ENTRIES SHOWN:
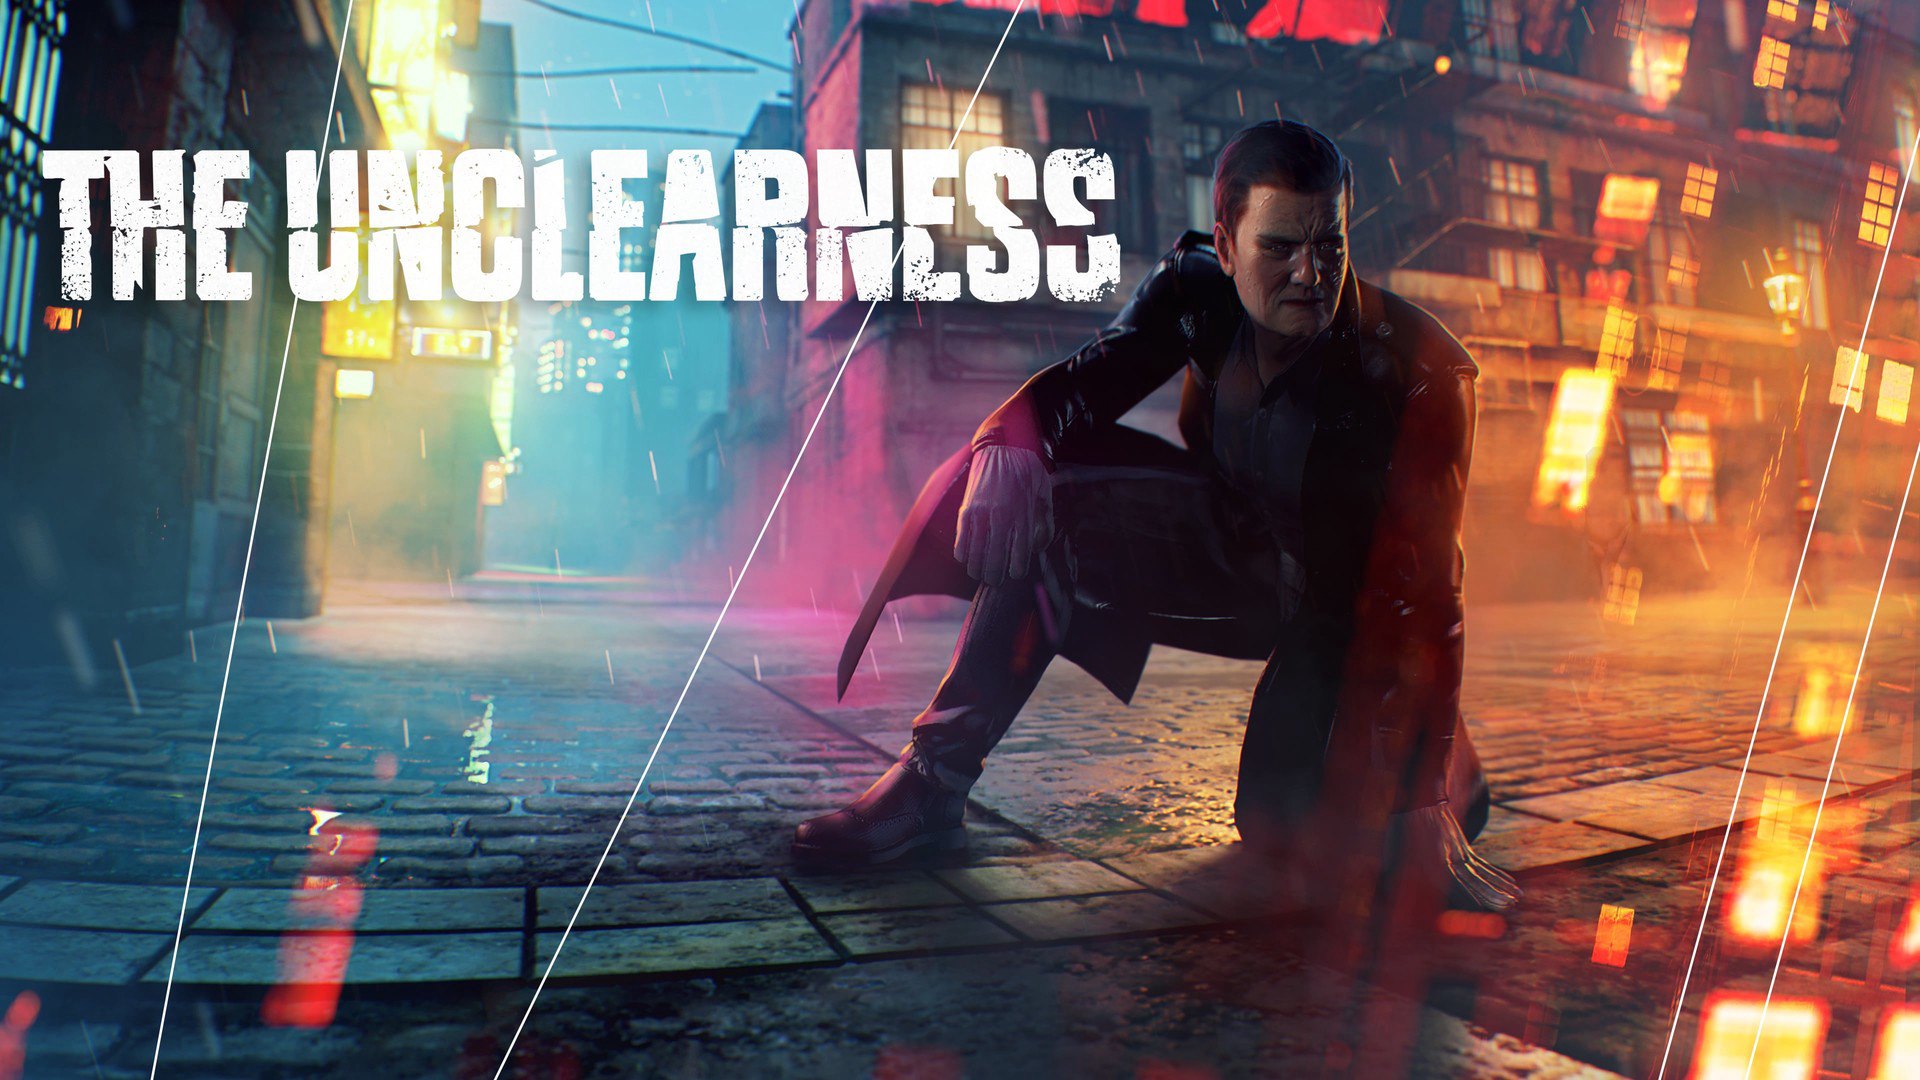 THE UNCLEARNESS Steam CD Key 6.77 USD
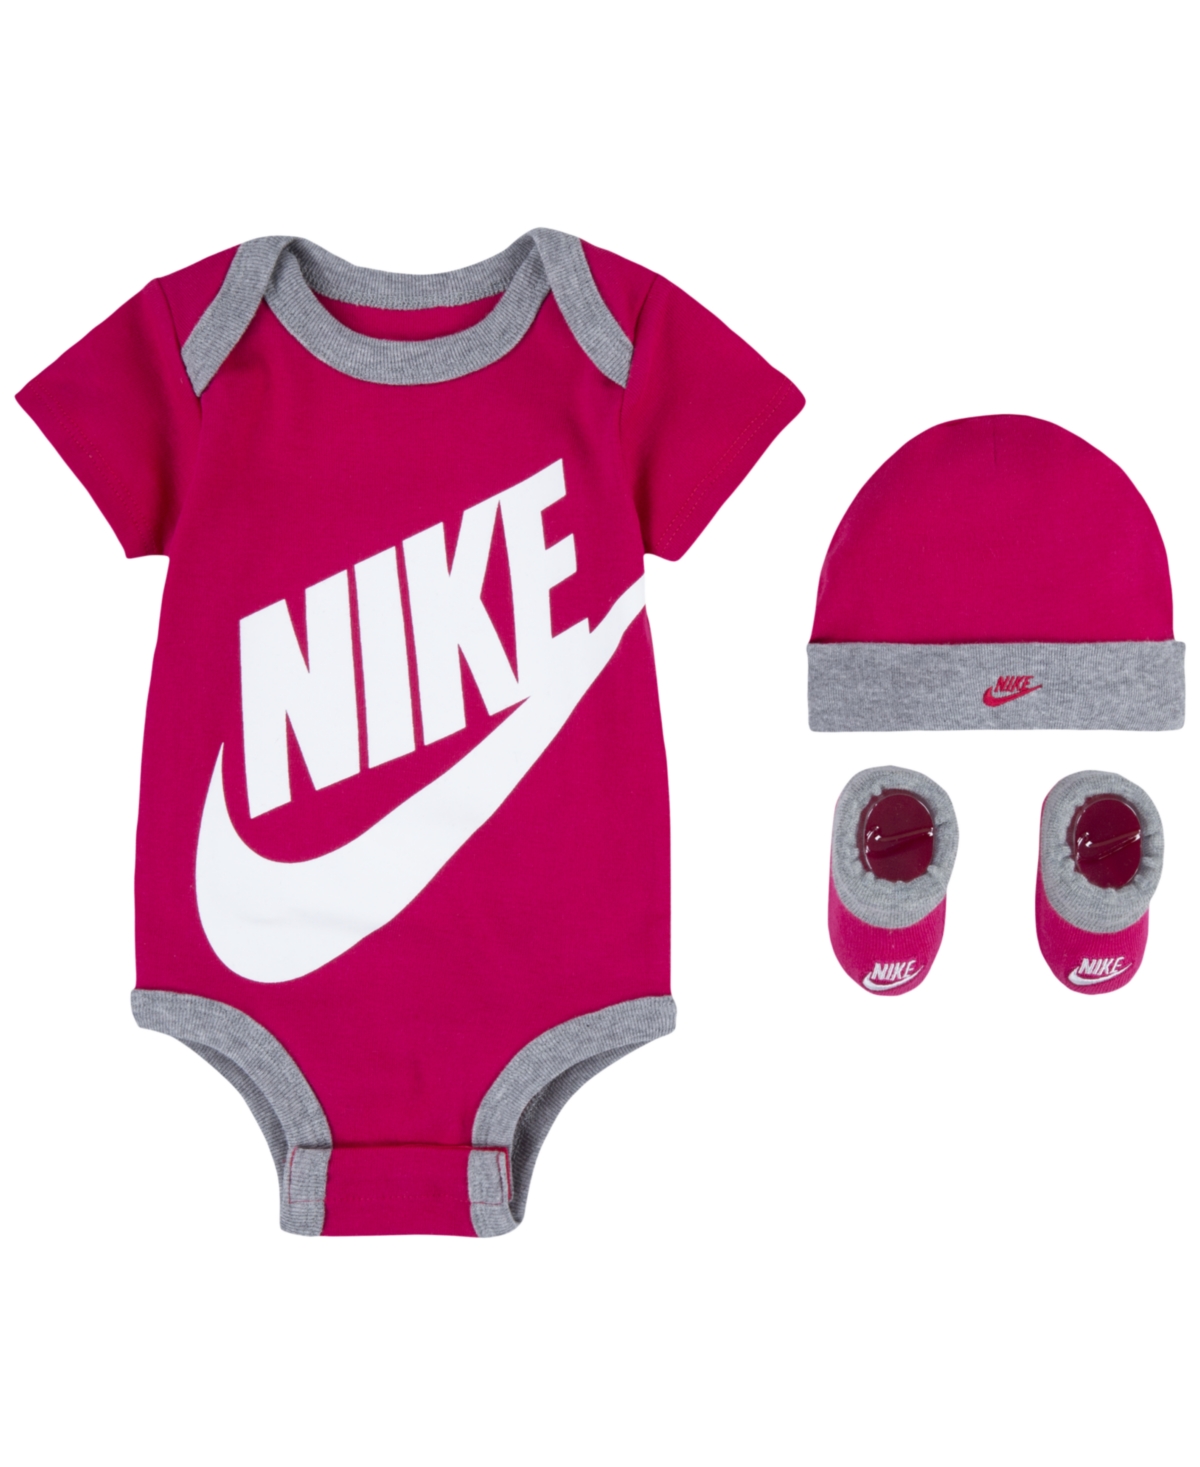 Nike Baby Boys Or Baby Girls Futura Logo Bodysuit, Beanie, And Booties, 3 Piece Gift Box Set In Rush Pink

...

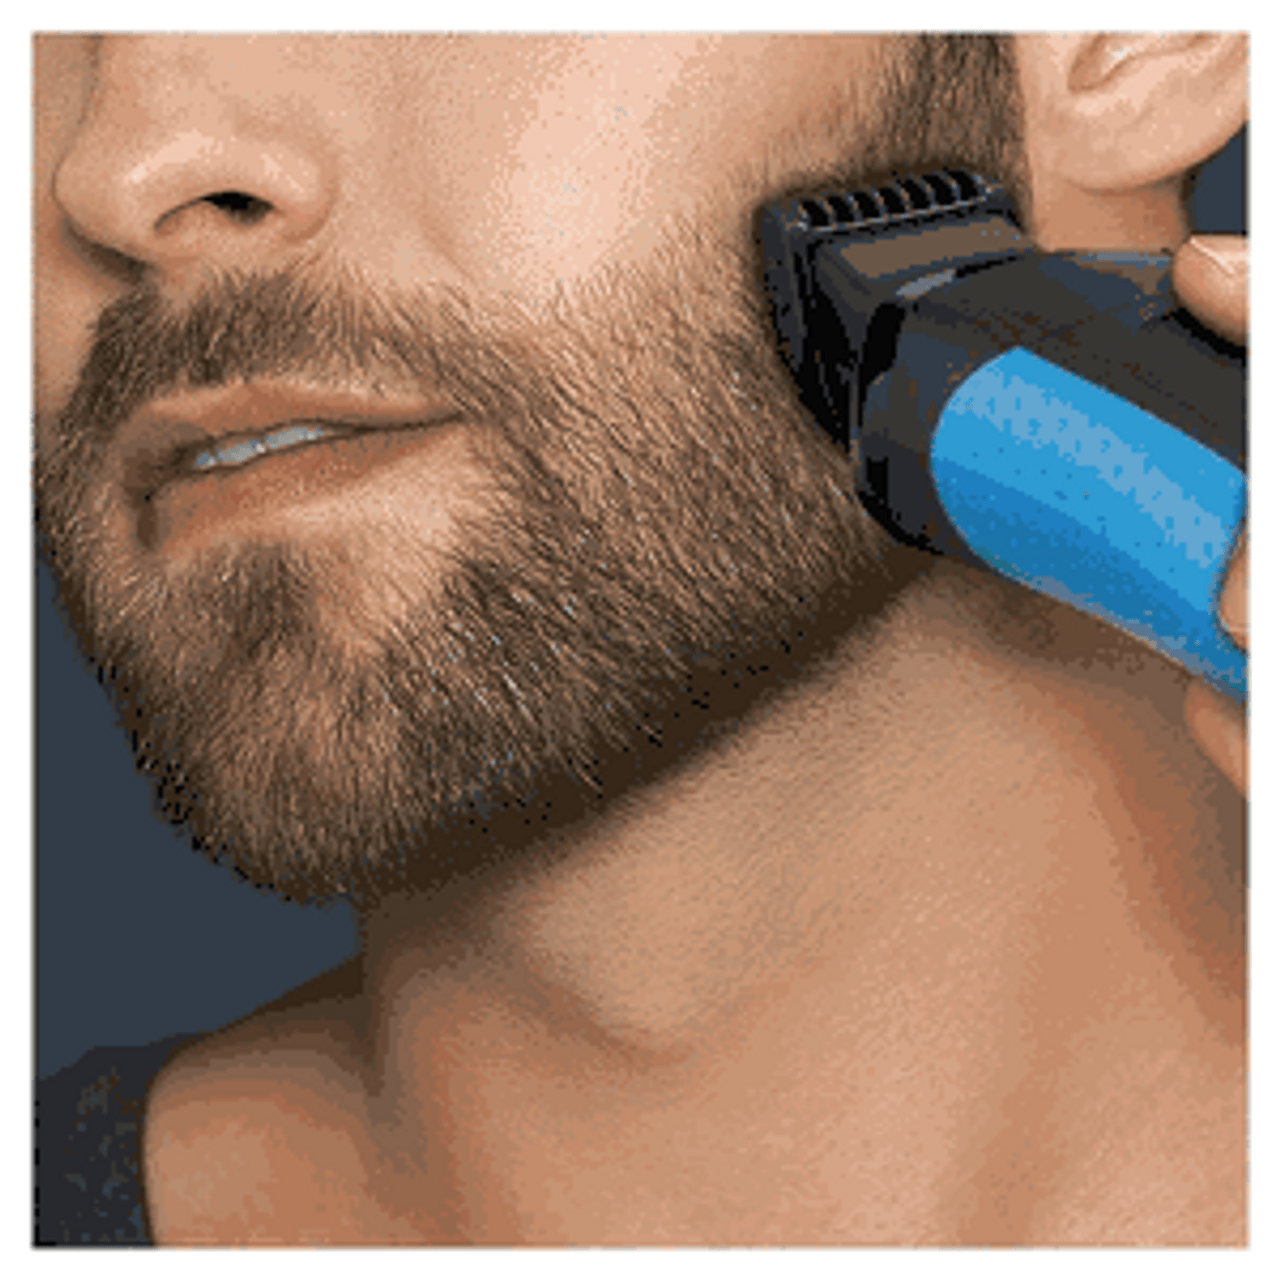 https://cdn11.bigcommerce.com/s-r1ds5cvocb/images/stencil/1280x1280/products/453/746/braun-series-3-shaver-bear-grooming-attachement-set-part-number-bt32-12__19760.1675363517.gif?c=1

---

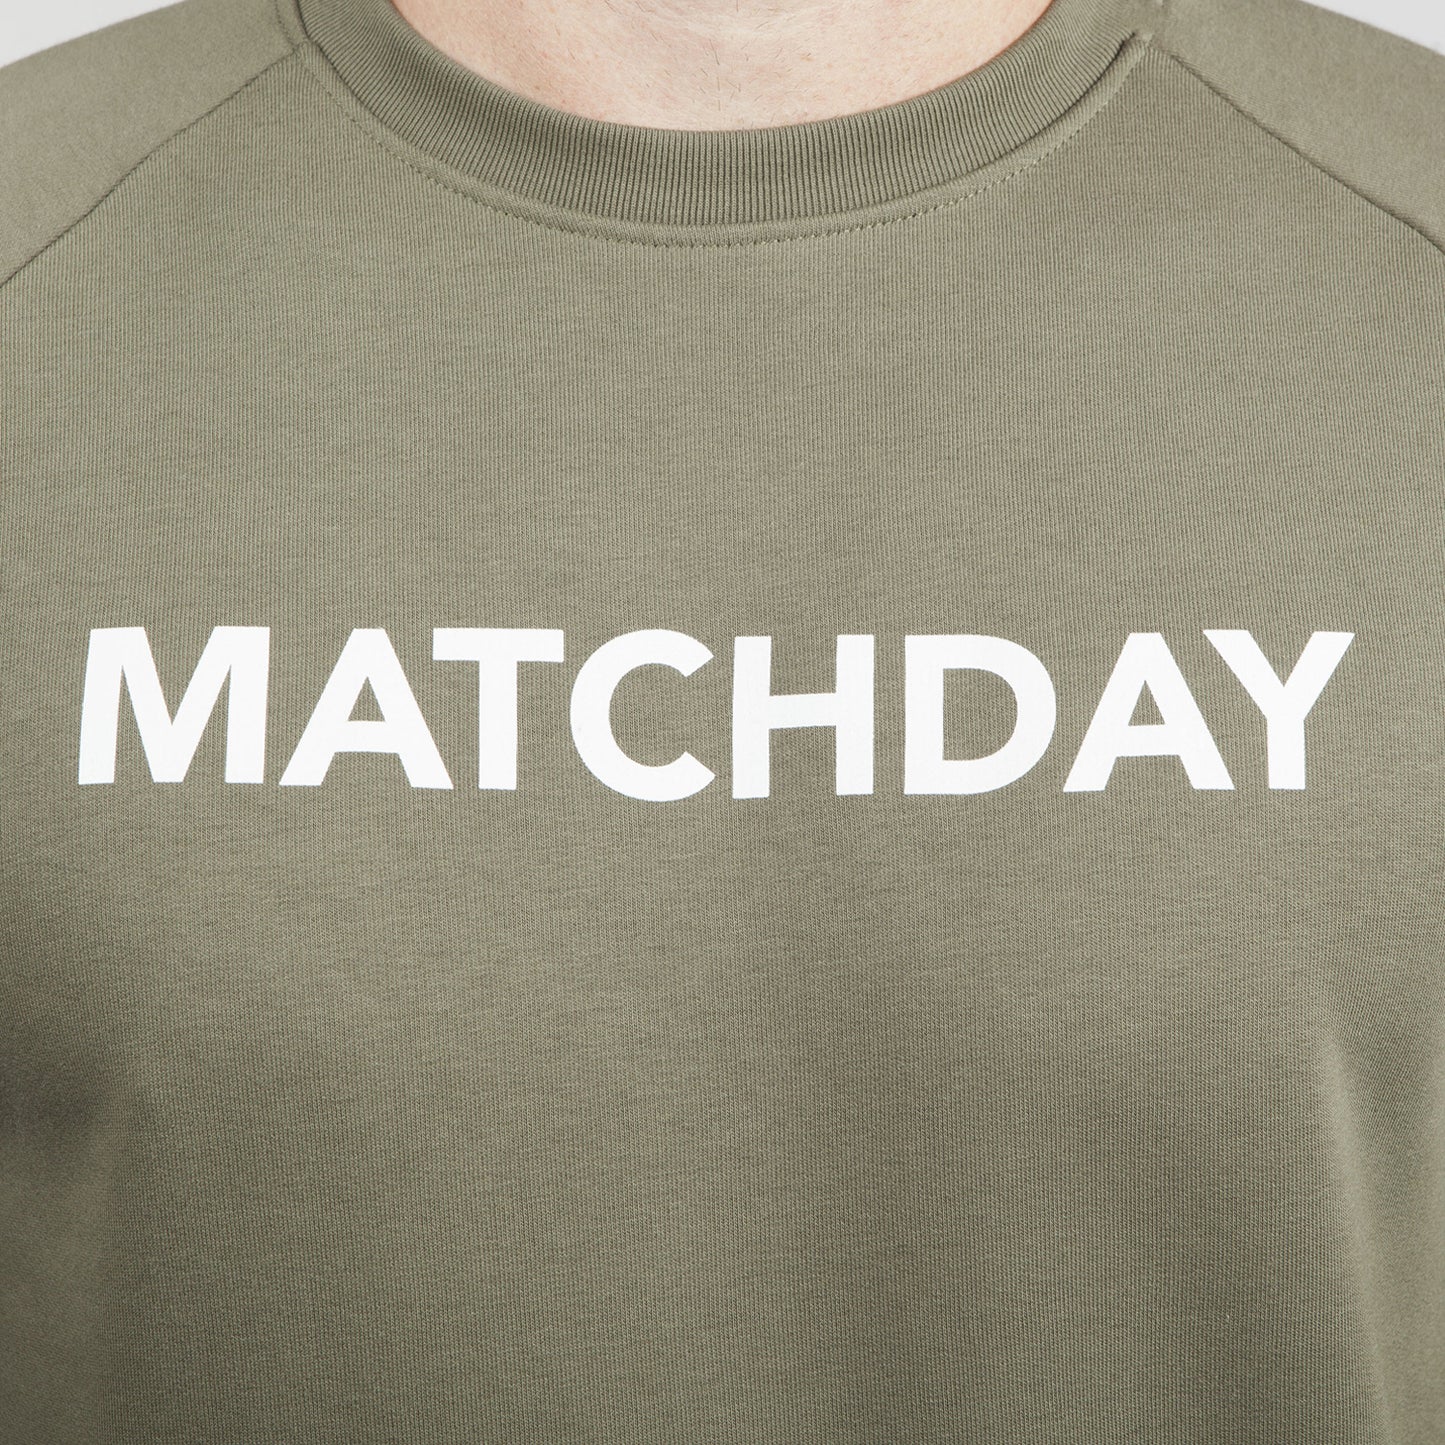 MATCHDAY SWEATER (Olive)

TASK DIRECTIONS:
Please copy the lines above exactly, starting at the line that holds "THE UNCLEARNESS Steam CD Key 6.77 USD" and ending at the line that holds "Nike Baby Boys"; include both, but no pictures.

SOLUTION BELOW:
 THE UNCLEARNESS Steam CD Key 6.77 USD
 Nike Baby Boys Or Baby Girls Futura Logo Bodysuit, Beanie, And Booties, 3 Piece Gift Box Set In Rush Pink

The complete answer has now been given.